List of Works || Music Centre Serenade

Music Centre Serenade (1984)

Flute, Horn, Viola, Cello

Duration: 2 minutes

First Performance: 23 June 1984, Toronto

On its website, the Canadian Music Centre boasts that “Since 1959, we’ve been proudly supporting, preserving and promoting the works of Canadian composers.” The CMC was created after the Canadian League of Composers—founded in 1951 by Weinzweig, Harry Somers, and Murray Adaskin, among others—put forth a report to the Canada Council explaining the need for the CMC. To celebrate the great work of the Canadian Music Centre, including an extensive music library and record label, Weinzweig composed a brief serenade for the occasion of its 25th birthday.

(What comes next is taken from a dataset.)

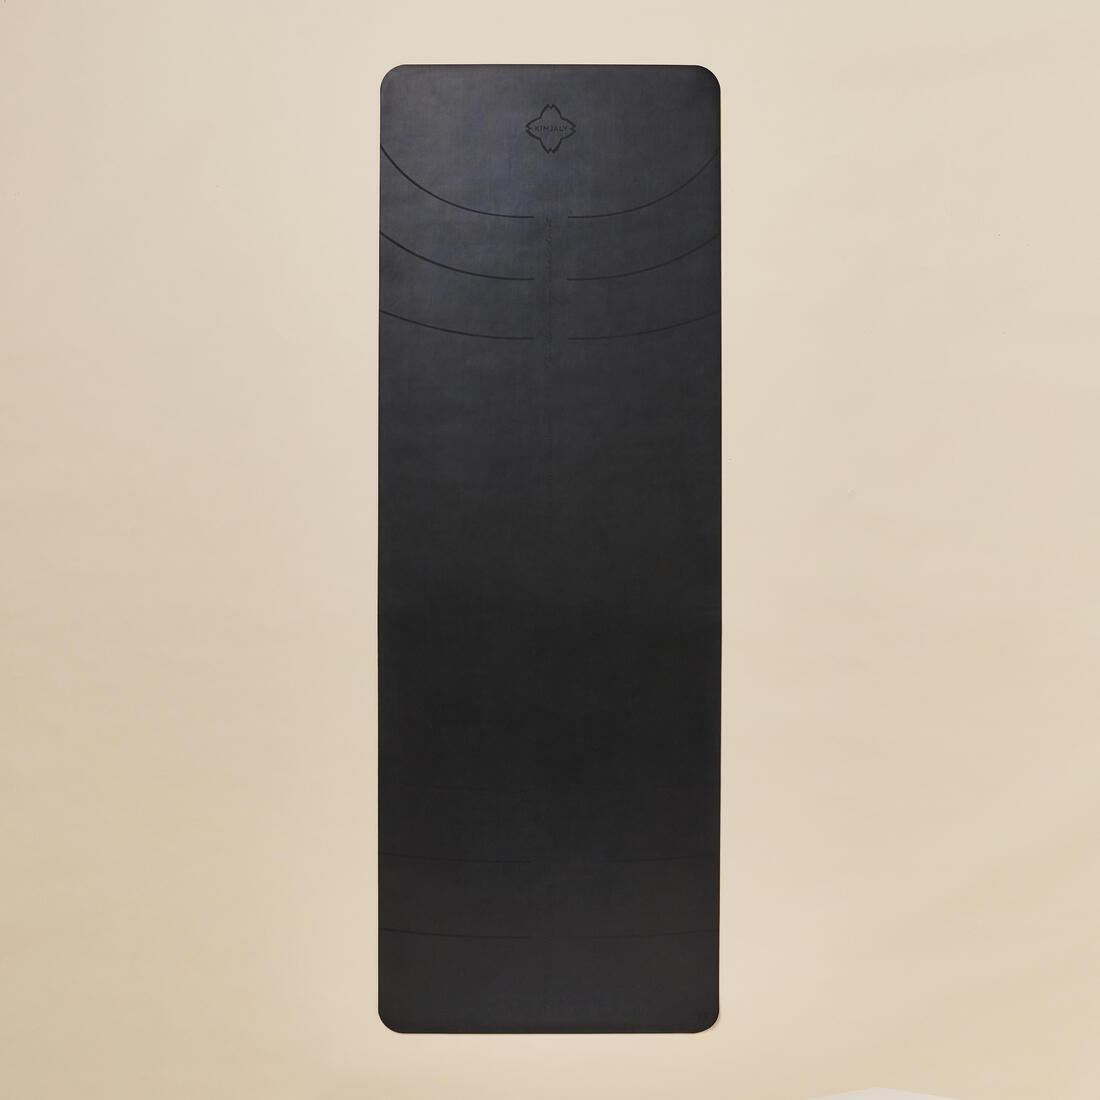 KIMJALY - Yoga Mat Grip - 185Cm X 65Cm X 3Mm, Blue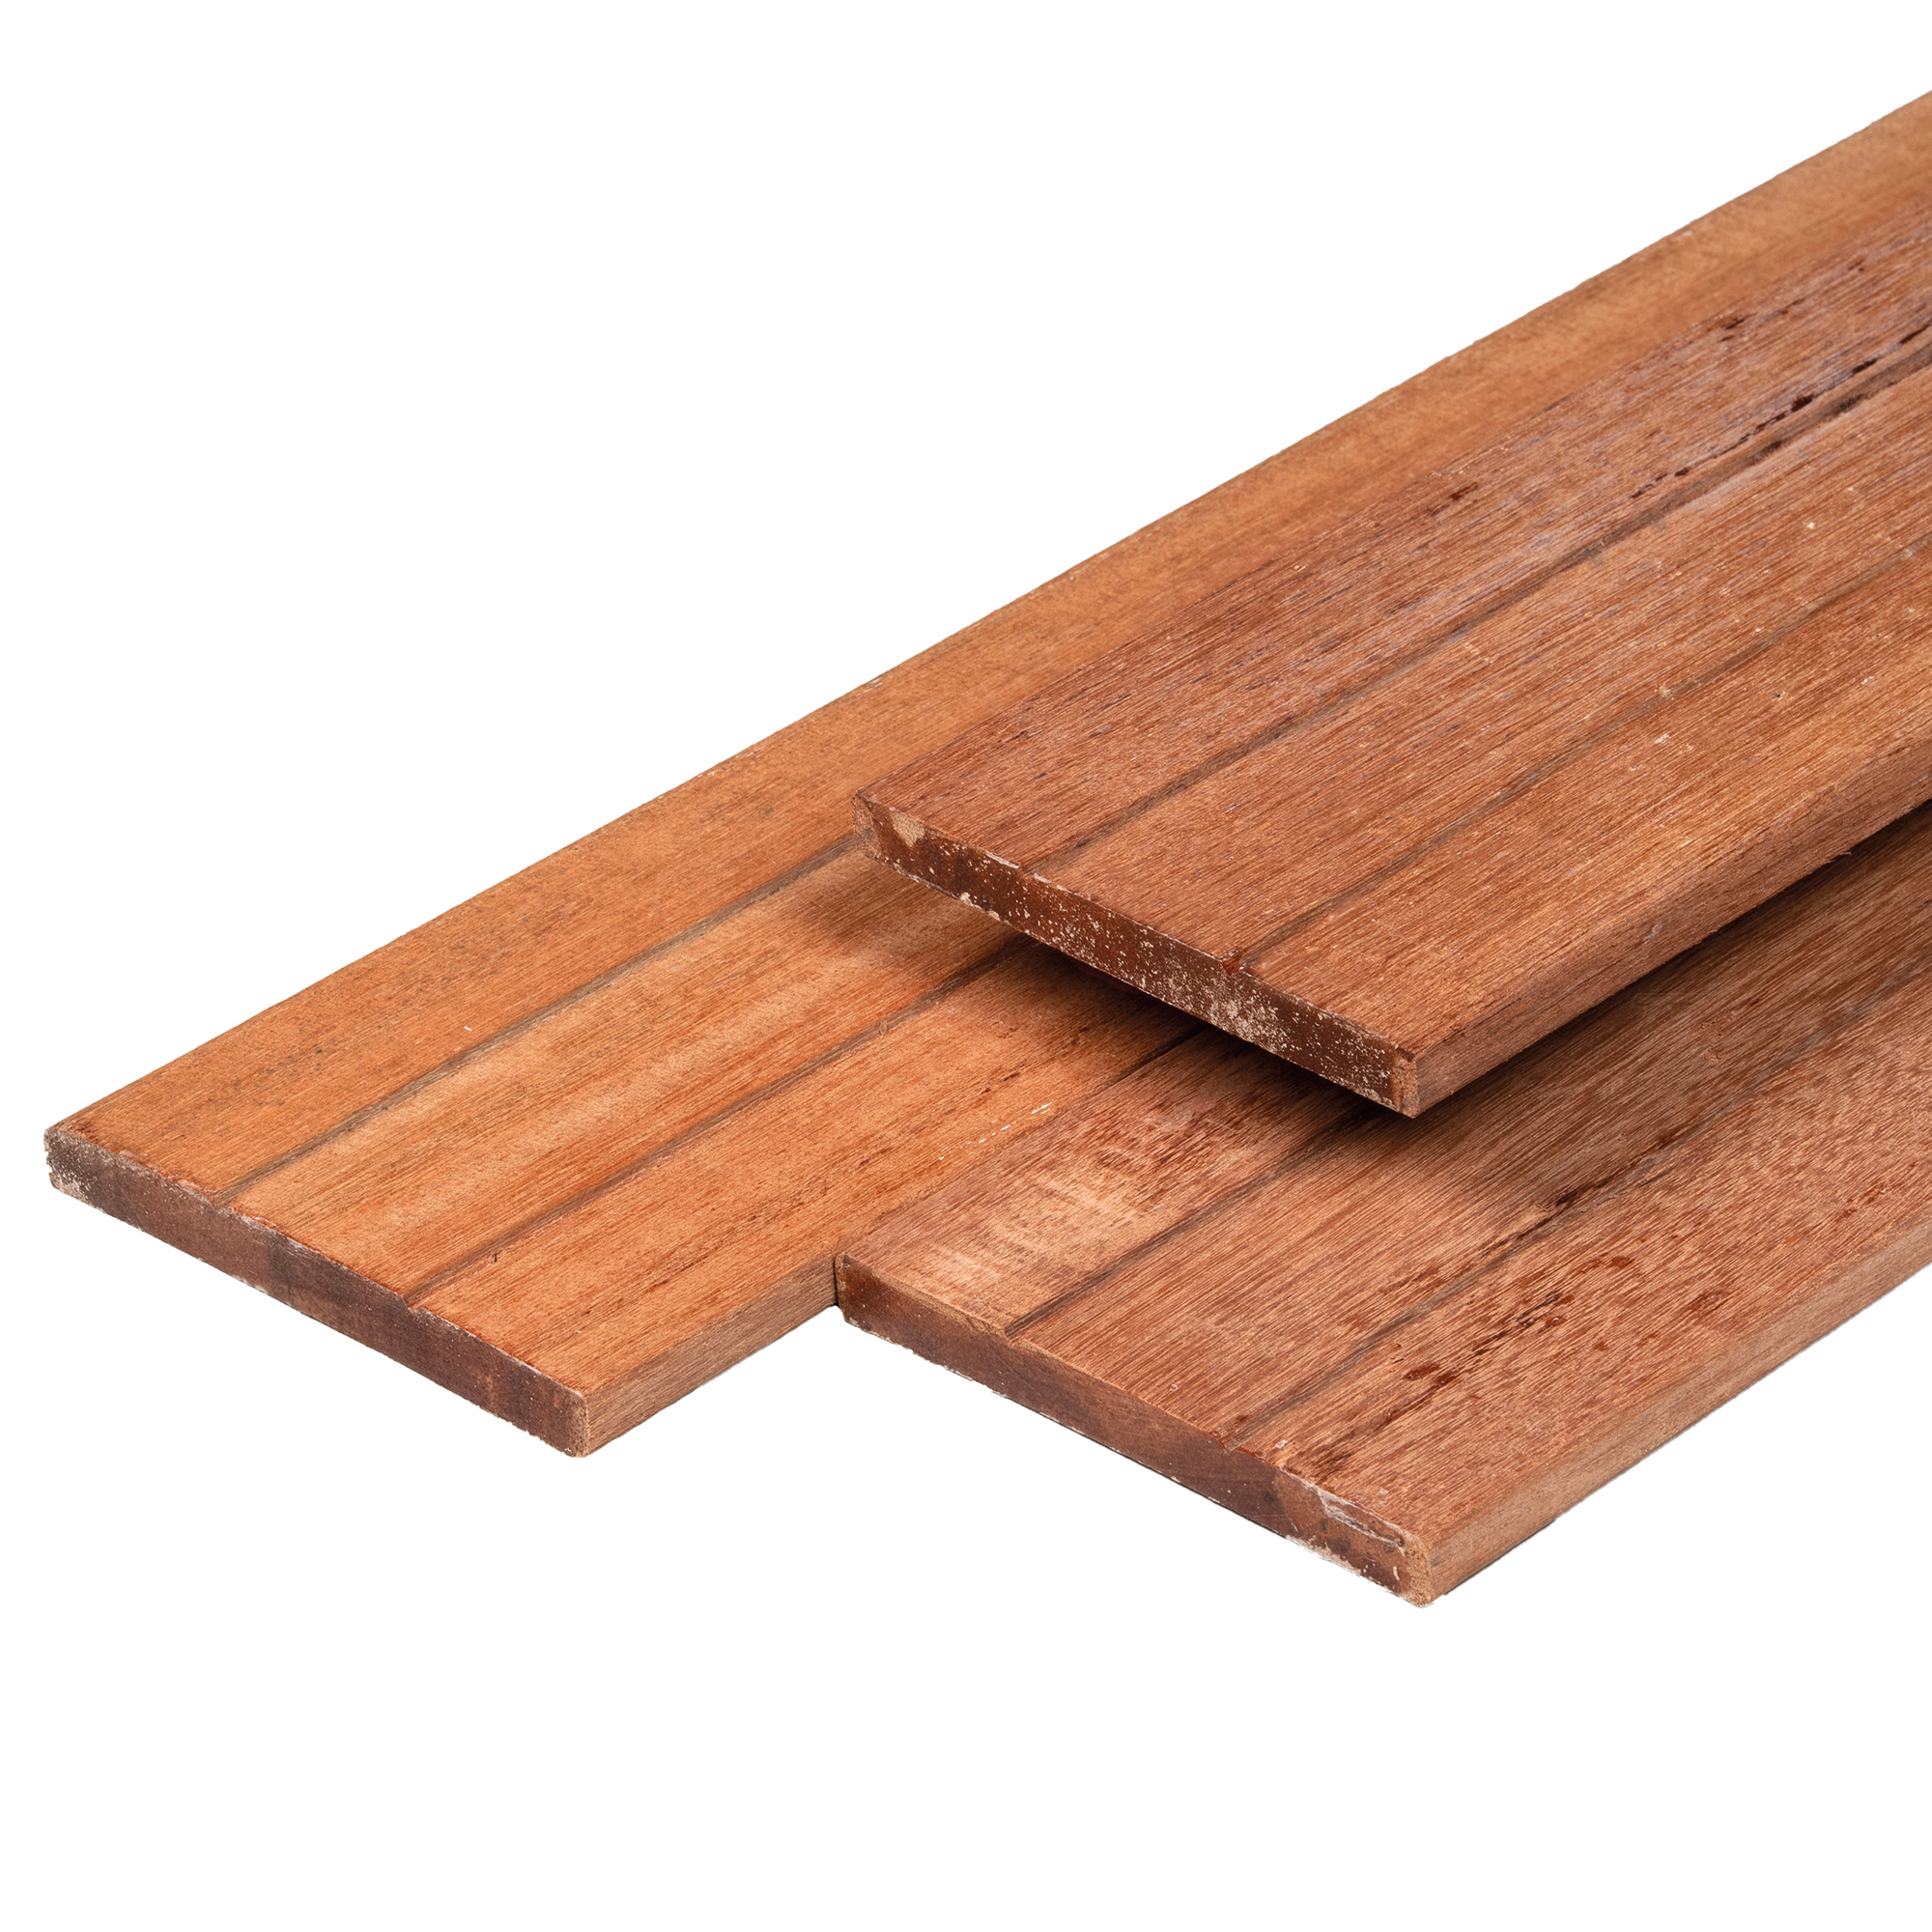 Plank hardhout 1.4x14.0x195cm

Weinzweig begins with a fast seven-measure passage in which the flute plays short, chromatic sixteenth-note motives above a homorhythmic staccato accompaniment in the horn, viola, and cello. This passage returns four times, in between which Weinzweig inserts a cadenza for each instrument, starting with the lowest instrument (i.e., cello) and moving upwards until the highest instrument (i.e., flute). Though Weinzweig includes a tempo marking for each cadenza, the lack of accompaniment allows each player flexibility.

Music Centre Serenade returns to the recurring passage in its final moments, but is truncated to only two measures. The work closes with a final measure in which the four instruments simultaneously play a motive from their respective cadenza.